# Thinking about buying Worldmark



## SamH (Mar 26, 2010)

I am thinking about buying Worldmark points (resale), mainly because of the resorts out West. In terms of exchanging, does Worldmark come with an RCI membership or is there a choice between RCI and II?

Thanks.

Sam


----------



## cotraveller (Mar 26, 2010)

A WorldMark account purchased resale does not automatically come with an account with either RCI or II. You can join either or both after you become an owner.  The RCI account would be a Weeks account. If you decide to join II, they have been running an almost perpetual deal of two years for the price of one.  The code for the deal can be found in the WorldMark Destinations magazine which is available online at the WorldMark web site.


----------



## Bill4728 (Mar 26, 2010)

cotraveller said:


> A WorldMark account purchased resale does not automatically come with an account with either RCI or II. You can join either or both after you become an owner.  The RCI account would be a Weeks account. If you decide to join II, they have been running an almost perpetual deal of two years for the price of one.  The code for the deal can be found in the WorldMark Destinations magazine which is available online at the WorldMark web site.


While true that you can have either a RCI or II membership, WM is pushing new owners toward RCI. And you can get an II membership only if you are insistent.


----------



## cotraveller (Mar 26, 2010)

Bill4728 said:


> While true that you can have either a RCI or II membership, WM is pushing new owners toward RCI. And you can get an II membership only if you are insistent.



New WorldMark owners buying direct are pushed into TravelShare, which includes an RCI points membership.  The WorldMark developer and management company is Wyndham.  RCI is owned by Wyndham.  So of course they are going to push people in that direction.

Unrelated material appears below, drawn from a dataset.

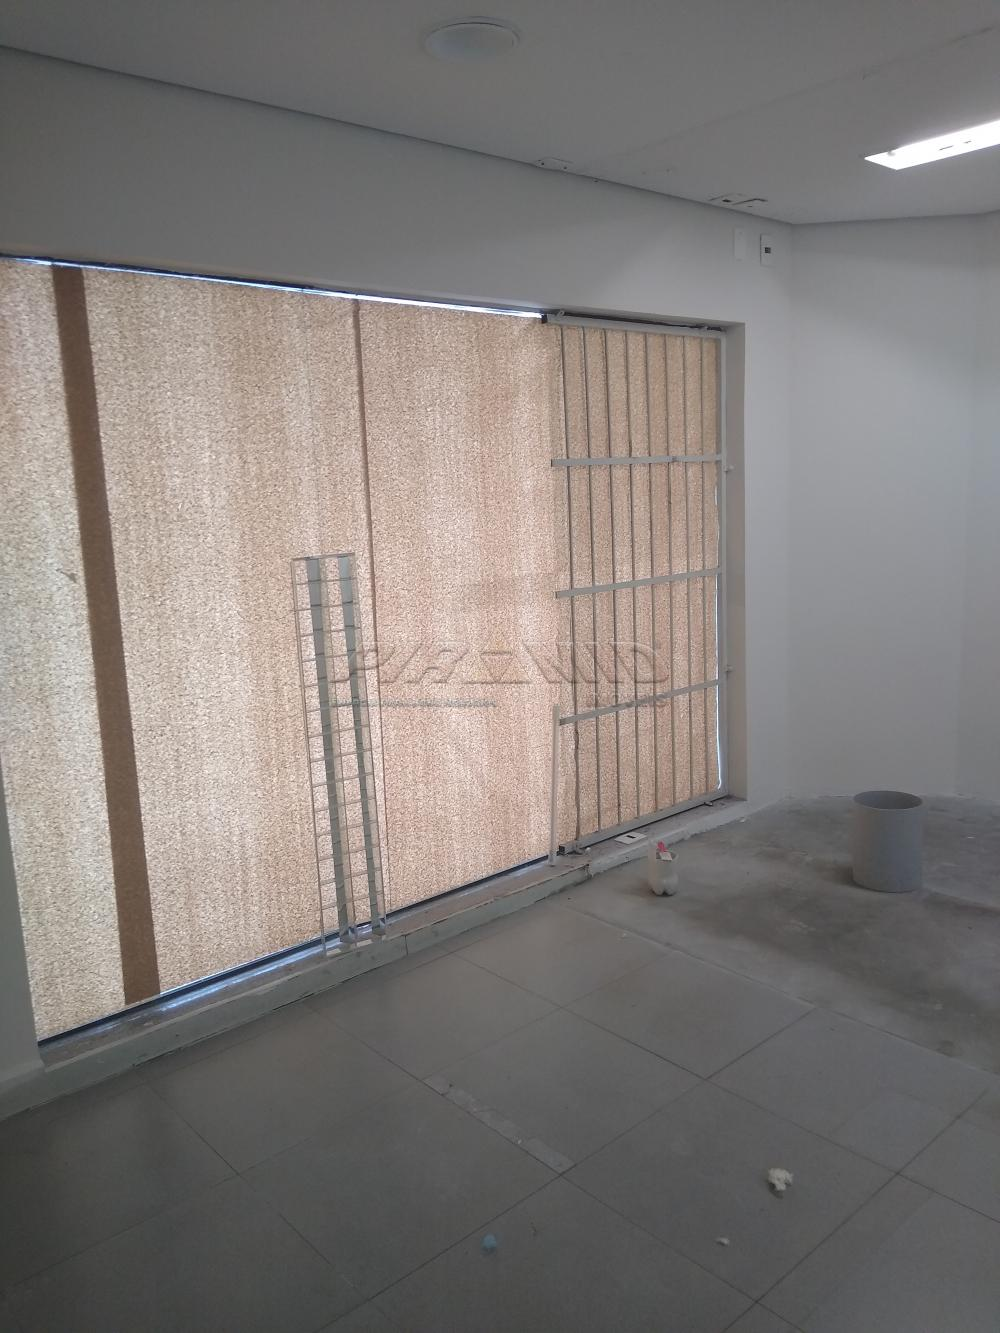 Alugar Comercial / Prédio em Ribeirão Preto apenas R$ 16.000,00 - Foto 23

You don't need to go through WorldMark or Wyndham to join II. If you are a WorldMark owner and want to join II, contact II.  Use the phone rather than the online "join" form to make sure you get the 2 years for the price of 1 discount.  II is not going to push you towards RCI.


----------



## LLW (Mar 26, 2010)

SamH said:


> I am thinking about buying Worldmark points (resale), mainly because of the resorts out West. In terms of exchanging, does Worldmark come with an RCI membership or is there a choice between RCI and II?
> 
> Thanks.
> 
> Sam



Fred is correct. You can call II directly to join to get the special 2-for-1 deal - 2 years for $89. You can even call multiple times to get multiple 2 years. I have 5 years left currently, and have been thinking of getting more.

(WM purchased from the Developer :ignore: comes with RCI Points. They tell you it's free, but the RCI dues are actually incorporated in the TravelShare dues that you would pay every month.)


----------